For whatever reason, I had a thought whether Apple HomeKit can talk to these cameras? With a little Google searching, I came across this article. The instructions from the article was a bit outdated, but what peeked my interest was the use of the homebridge server. I already had homebridge service installed on my Ubuntu server because I use the same technique to have HomeKit talked to my home made garage door opener.
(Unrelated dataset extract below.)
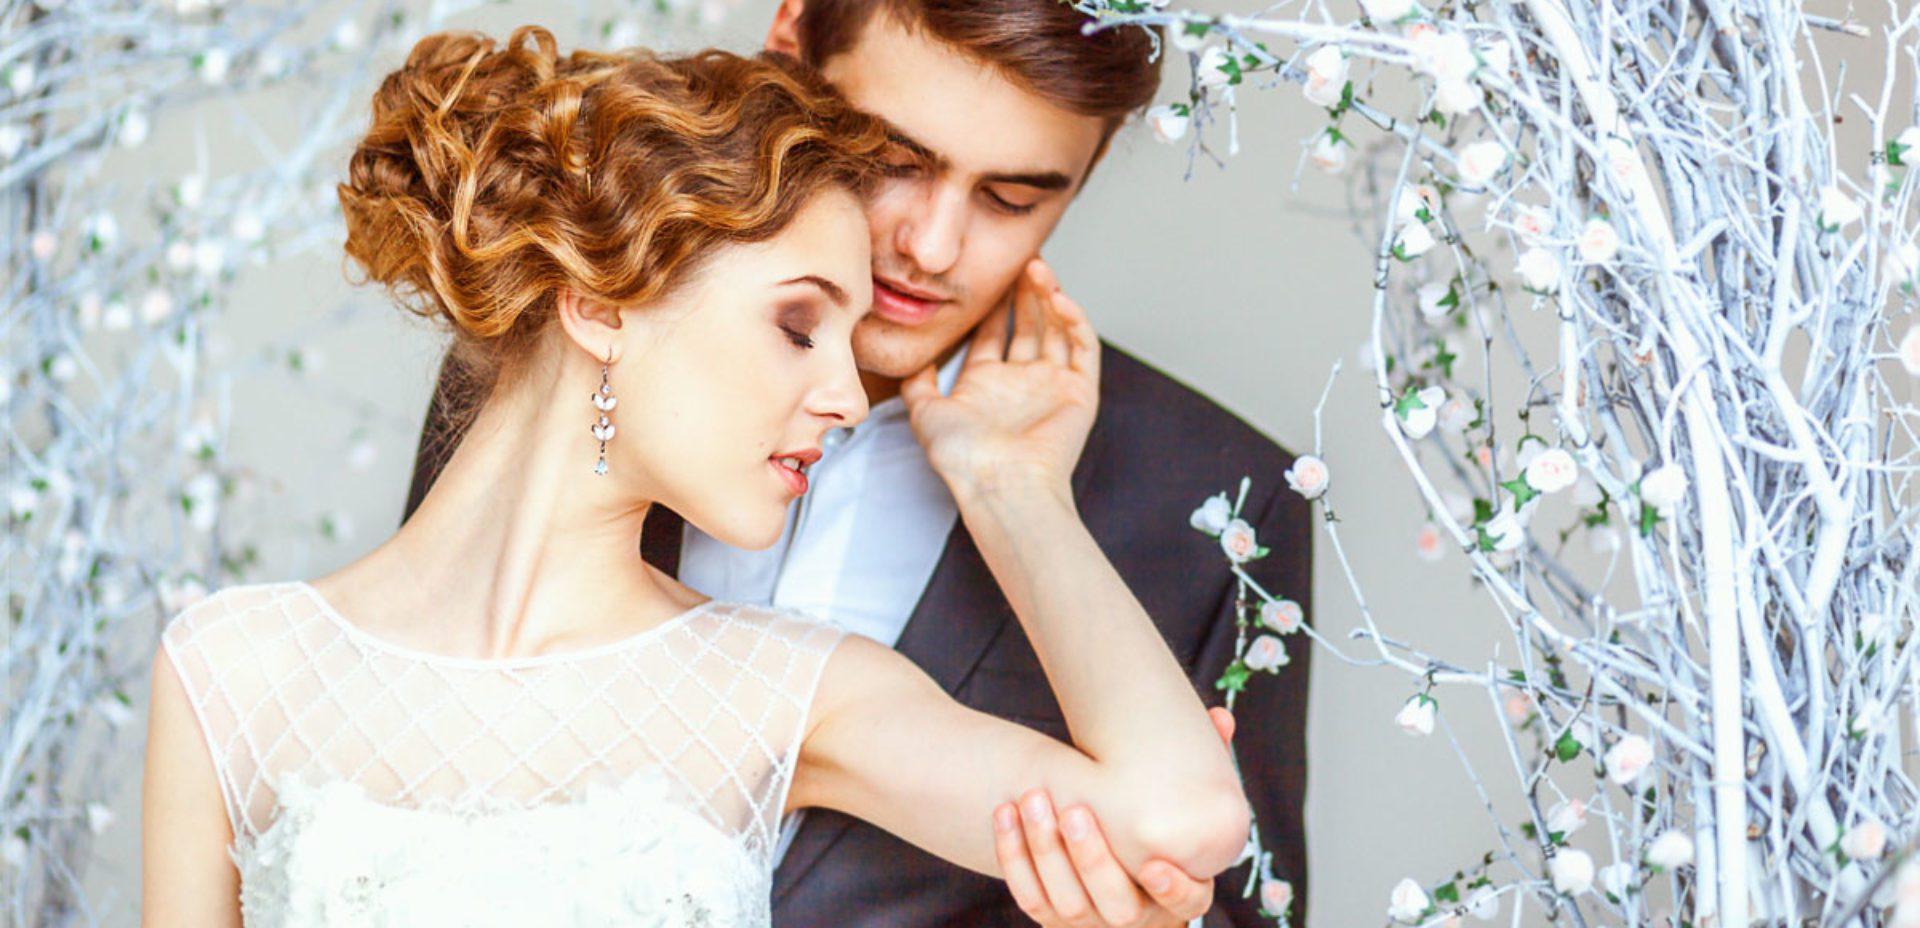 YIYPstg1ajE - Свадебный букет: портбукетница или обычный вариант

After looking through the instructions, it looks like all I need to do is:

Configure Unifi Video to enable RTSP streaming for each of the camera that it is managing;
Download a homebridge camera plugin called homebridge-camera-ffmpeg;
Configure homebridge to add the cameras;
Add the cameras to the Home App;

The first step was extremely simple. First we had to enable RTSP streaming for all cameras managed by Unifi Video.

We then had to select each camera and enable the resolution that we want streamed.

I tested the RTSP URL on the VLC App just to make sure the streaming is working properly.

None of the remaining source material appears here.